Garden Walk Buffalo has a fans at Fine Gardening and Martha Stewart Living

Totally irrelevant to this post, this is the house of Cornelius, and his garden at 75 Lancaster Avenue.

Yeah, I know, you're sick & tired about me blathering on about Garden Walk. Well, for this post, I'm going to let you read the writings of Stacey Hirvella, Senior Associate Gardening Editor, Martha Stewart Living; and Kerry Ann Moore, contributor to Fine Gardening magazine as THEY blather on about Garden Walk Buffalo.

First, some quotes from Stacey's post on the "Living on 112, The Martha Stewart Living Radio Blog:"

"My weekend in Buffalo was fantastic, I can speak about it only in superlatives. It was one of the most wonderful experiences I've been involved with during my time with the magazine, so forgive me for gushing!"

"The thing that impressed me most about Buffalo is the people and their level of community involvement. The Martin house has 400 volunteers, for example. There are all sorts of community gardens and community beautification projects like the 16th Street Block Alliance (a very cool stop on the Garden Walk)."

"As a gardener, though, I was absolutely floored by Urban Roots Community Garden Center."

"Most people wouldn't think of Buffalo as an epicenter of American horticulture, but it looks like gardening may be their official pastime."

Read her full long, gushing post here, complete with photos. If you've got the time, read all the comments too!

There's Kerry in the black jacket, center(ish) with an empty glass. She's looking at Sally Cunningham, Western New York's gardening queen of all media. On the left, in red, is Steve Aitken, editor of Fine Gardening, directly below him, Stacey Hirvella of Martha Stewart Living, and, in the blue shirt, is Stacey's husband Adam, a rooftop garden consultant, sculptor and chicken wing connoisseur.

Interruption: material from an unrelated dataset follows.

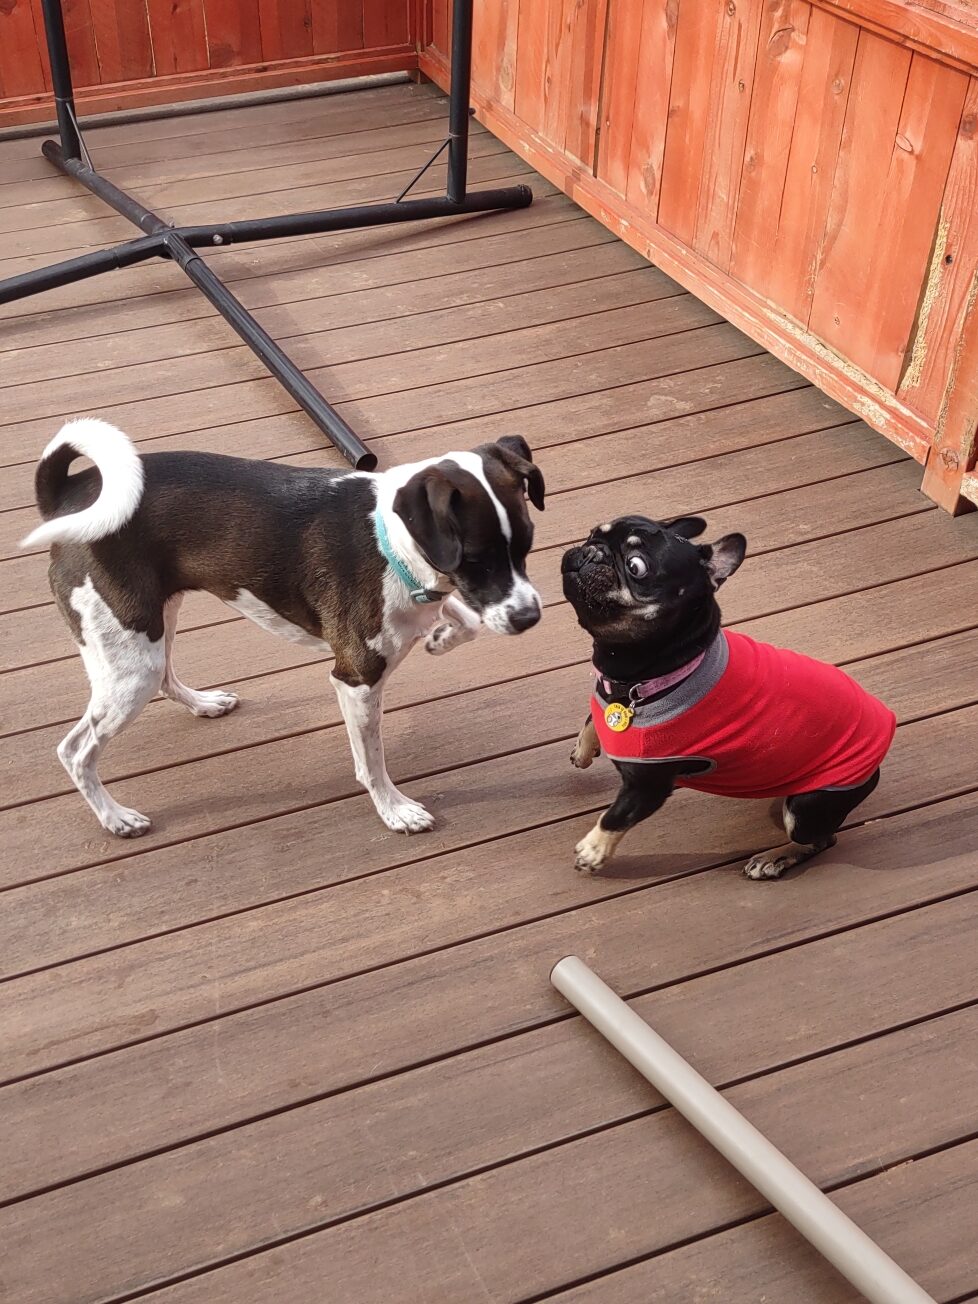 Two dogs play on outdoor deck 
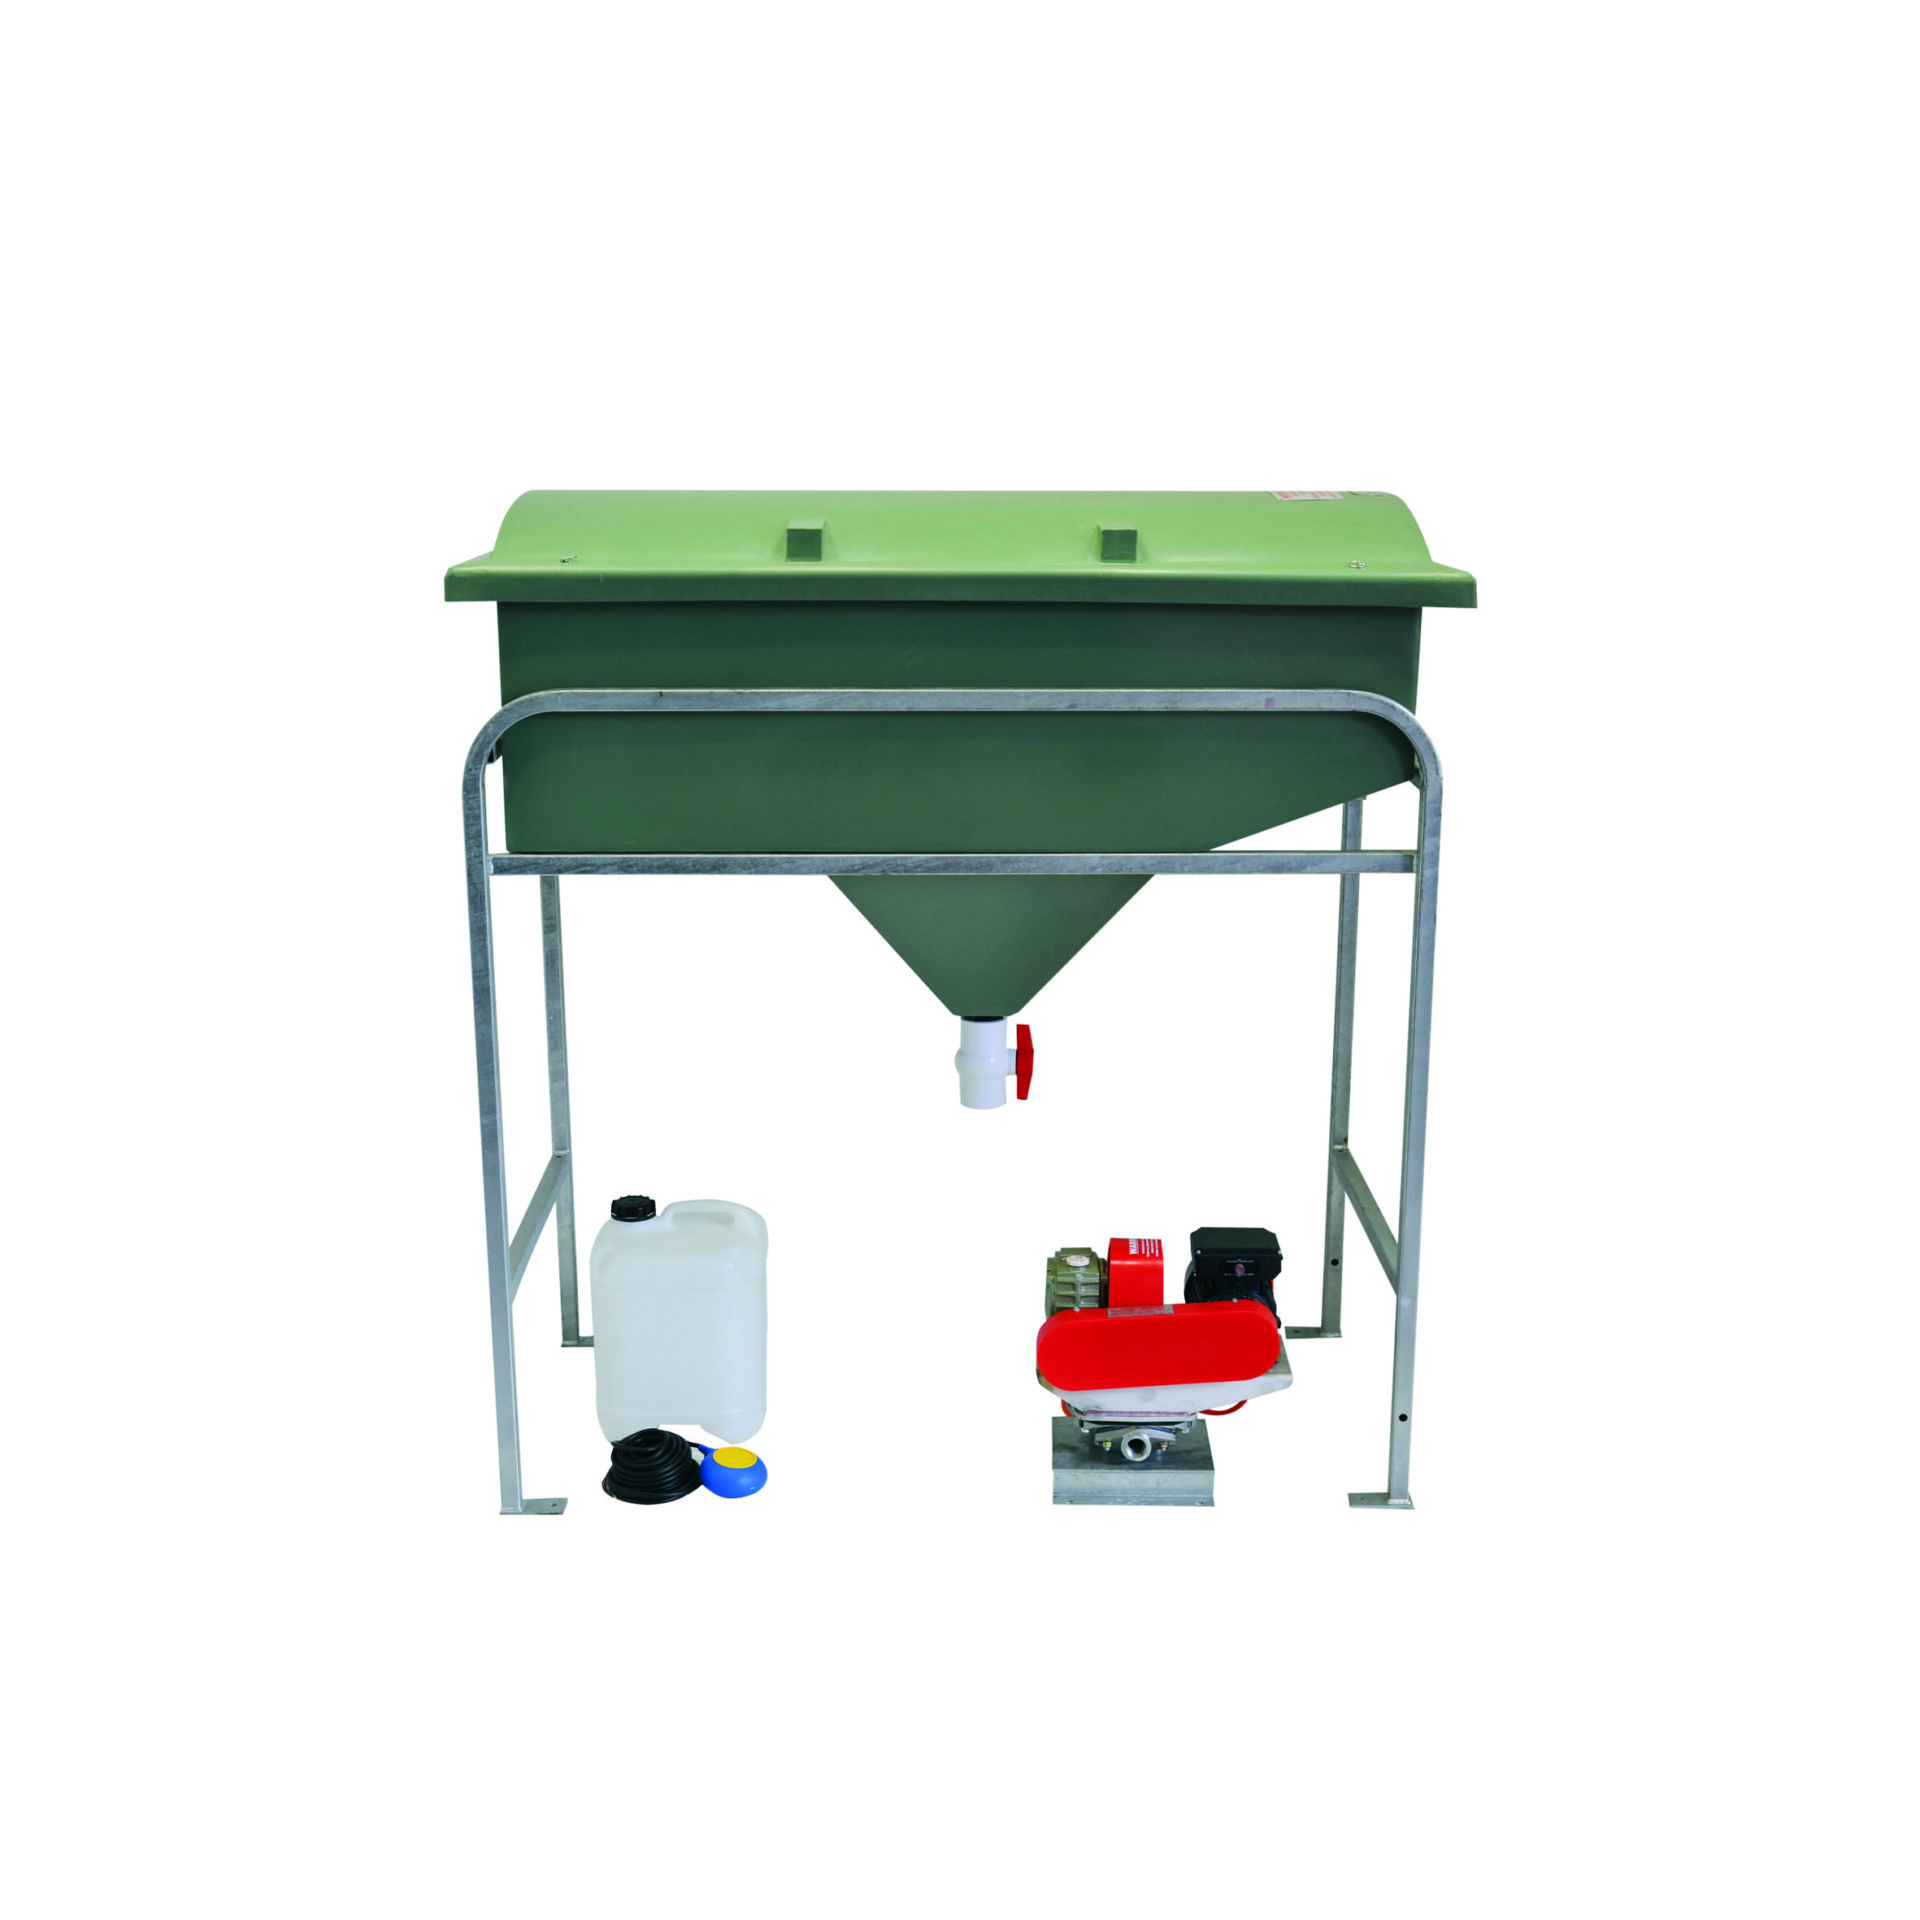 KCPS 1000 model oil water separator for efficient separation

And Kerry, from Fine Gardening posts on their blog:

"Buffalo provided a warm welcome and a free inspirational show of 341 home gardens throughout its community last weekend. I was among thousands of appreciative garden goers hoofing up, down, and all around the city."

"I enjoyed seeing the streets alive with activity. Kids selling lemonade, home owners proudly perched on their porches smiling and waving to the eager public parading through their yards and streets. I mean talk about a garden party!"

"My weekend of touring gardens and talking to like minded garden geeks about their cares, concerns, and questions was quite an education."

Visit her post to see pictures. One shot is of my wind-whacked, rain-beaten backyard as the tornadoes were touching down outside of the city.

Not bad right? But was it better than me droning on about the Walk?


  1. Jim, I love hearing about your garden walk. Especially the pictures they are beautiful and contain lots of ideas for my own garden. I am not surprised that your guest had such a lovely time. Please keep the stories coming.

    Best wishes Sylvia (England)

  2. All I can say is, keep on blatherin.' And more photos too! You've more than earned bragging rights.

  3. Jim,
    It is such a treat to see the garden walk. It is truly something to talk about. Rain can't stop a gardener can it?

  4. Sylvia,
    Thank you very much. I, too, think the photos from the gardens of Garden Walk are brimming with ideas. I didn't get too many this year though!

    Thanks. I will blather on, and on, and on...

    This rain could've weeded out the weaker gardeners, trust me. Stacey, from MSL, hid out in a garage with a bunch of strangers during the peak of the storm. Another gardener tells me he took in 18 people into his kitchen until it blew over. Others just got drenched.